In our more recent research, as we have expanded to more GUI-based application
testing, we discovered that classic 1983 testing tool, "The Monkey"
used on the earlier Macintosh computers [cite Hertzfeld book]. Clearly a
group ahead of their time.
In the process of writing our early fuzz papers, we came across strong
resistance from the testing and software engineering community. The lack
of a formal model and methodology and undisciplined approach to testing
often offended experienced practitioners in the field. In fact, I still
frequently come across hostile attitudes to this "stone axes and
bear skins" (my apologies to Mr. Spock) approach to testing.
My response has always been simple: "We're just trying to find bugs".

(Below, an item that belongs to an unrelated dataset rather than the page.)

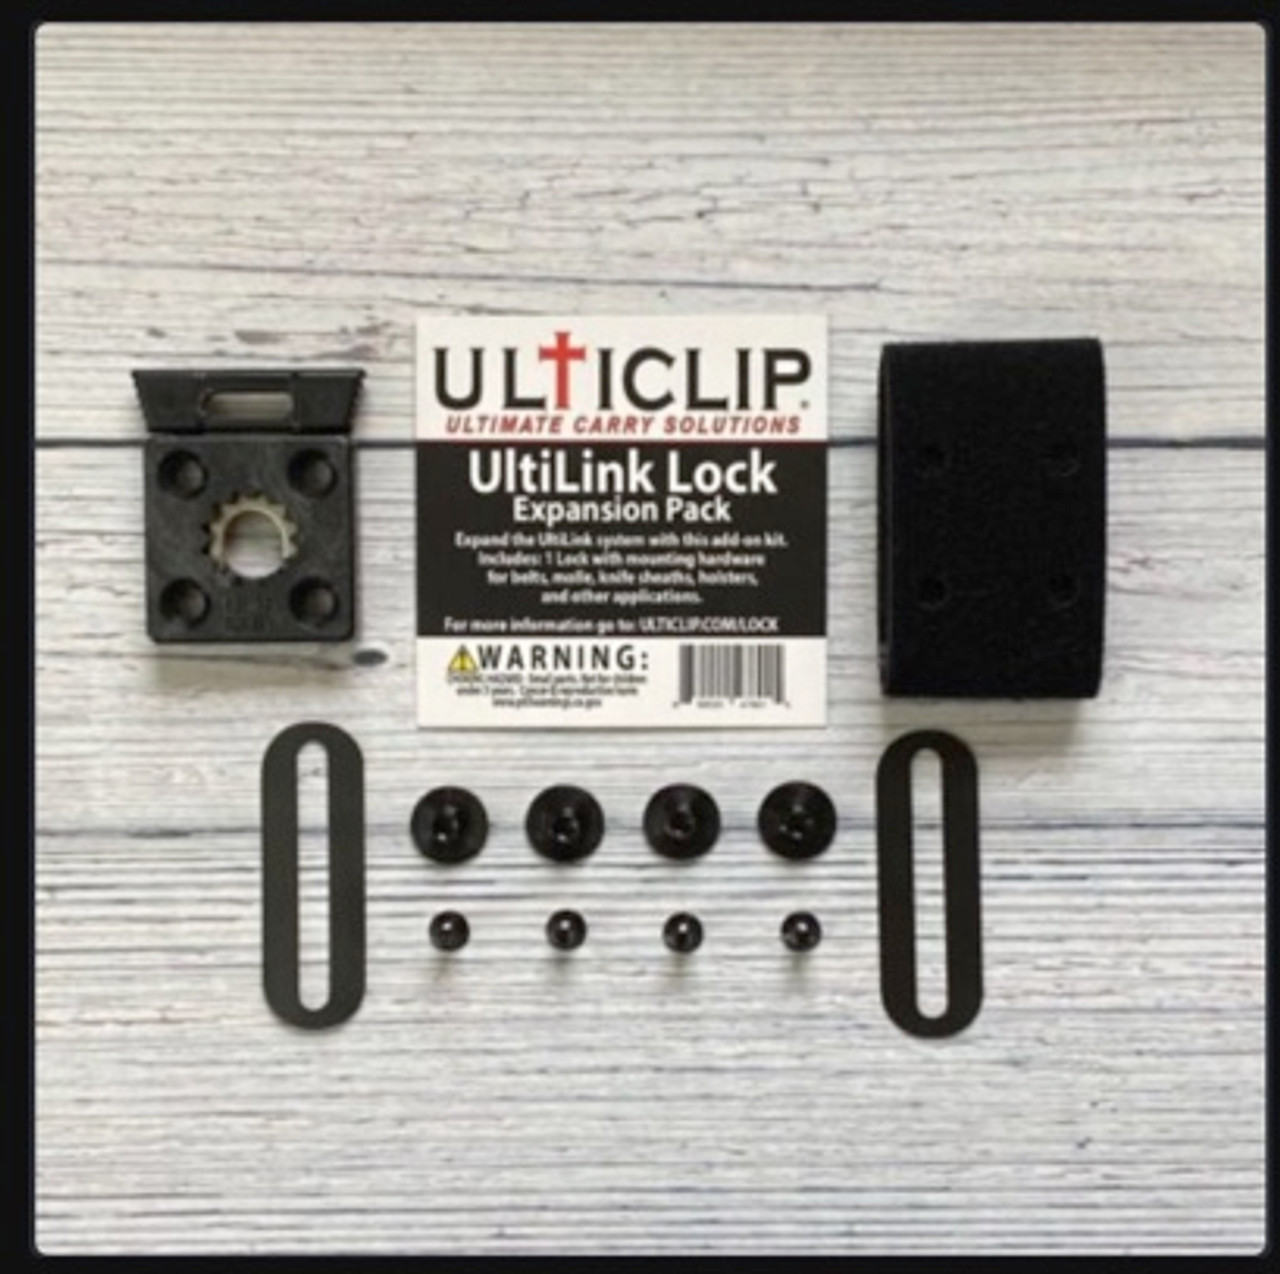 Ulticlip - SLIM 2.2 Ultimate Carry Solution - Pineland Cutlery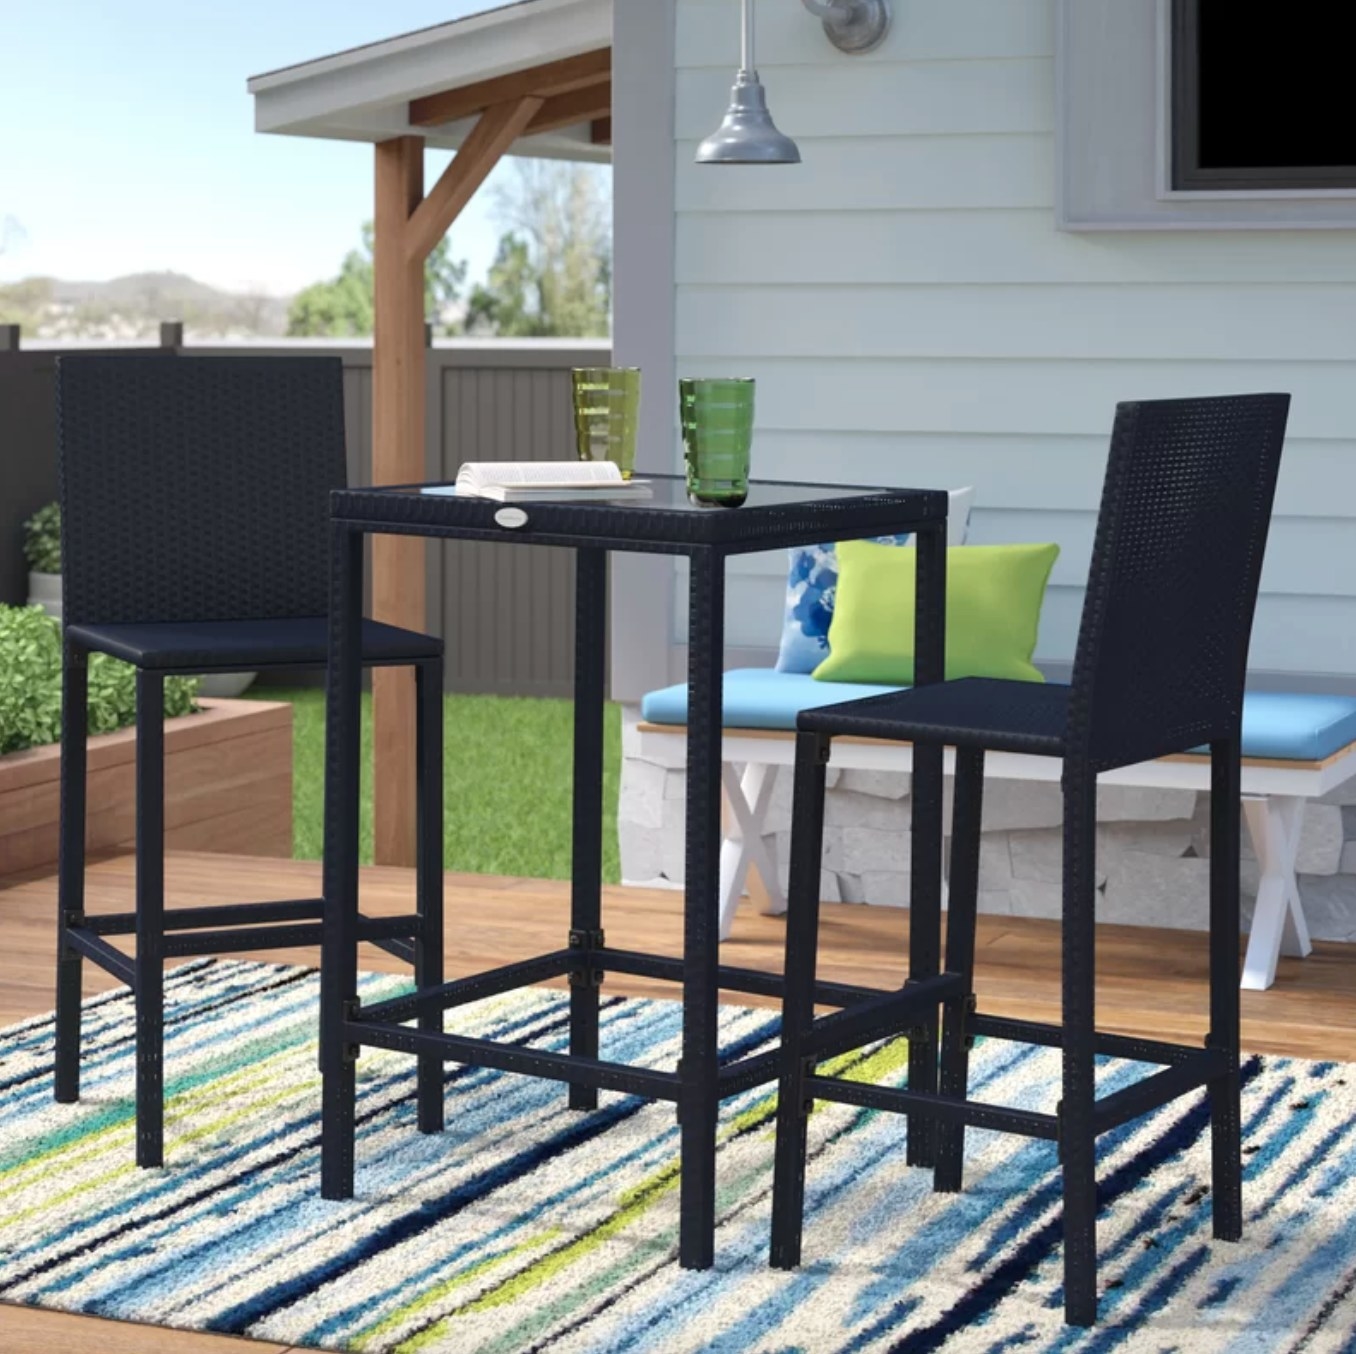 the black tall table and chairs on a striped rug in a decorated outdoor space

As I have said many times, fuzz testing is not meant to supplant more systematic
testing. It is just one more tool, albeit an extremely easy one to use,
in the tester's toolkit.
As an aside, note that the fuzz testing has not ever been a funded research
effort for me; it is a research avocation rather than a vocation. All the
hard work has been done by a series of talented and motivated graduate
students as class projects in my Advanced Operating System class.
This is how we have fun.
Fuzz testing has grown into a major subfield of research and engineering,
with new results taking it far beyond our simple and initial work. As
reliability is the foundation of security, so has it become a crucial
tool in security evaluation of software. Thus, the topic of this book
is both timely and extremely important. Every practitioner who aspires to
write safe and secure software needs to add these techniques to their bag of
tricks.
Barton Miller
Madison, Wisconsin
April 2008
Operating System Utility Program Reliability - The Fuzz Generator
The goal of this project is to evaluate the robustness of various UNIX utility
programs, given an unpredictable input stream. This project has two parts.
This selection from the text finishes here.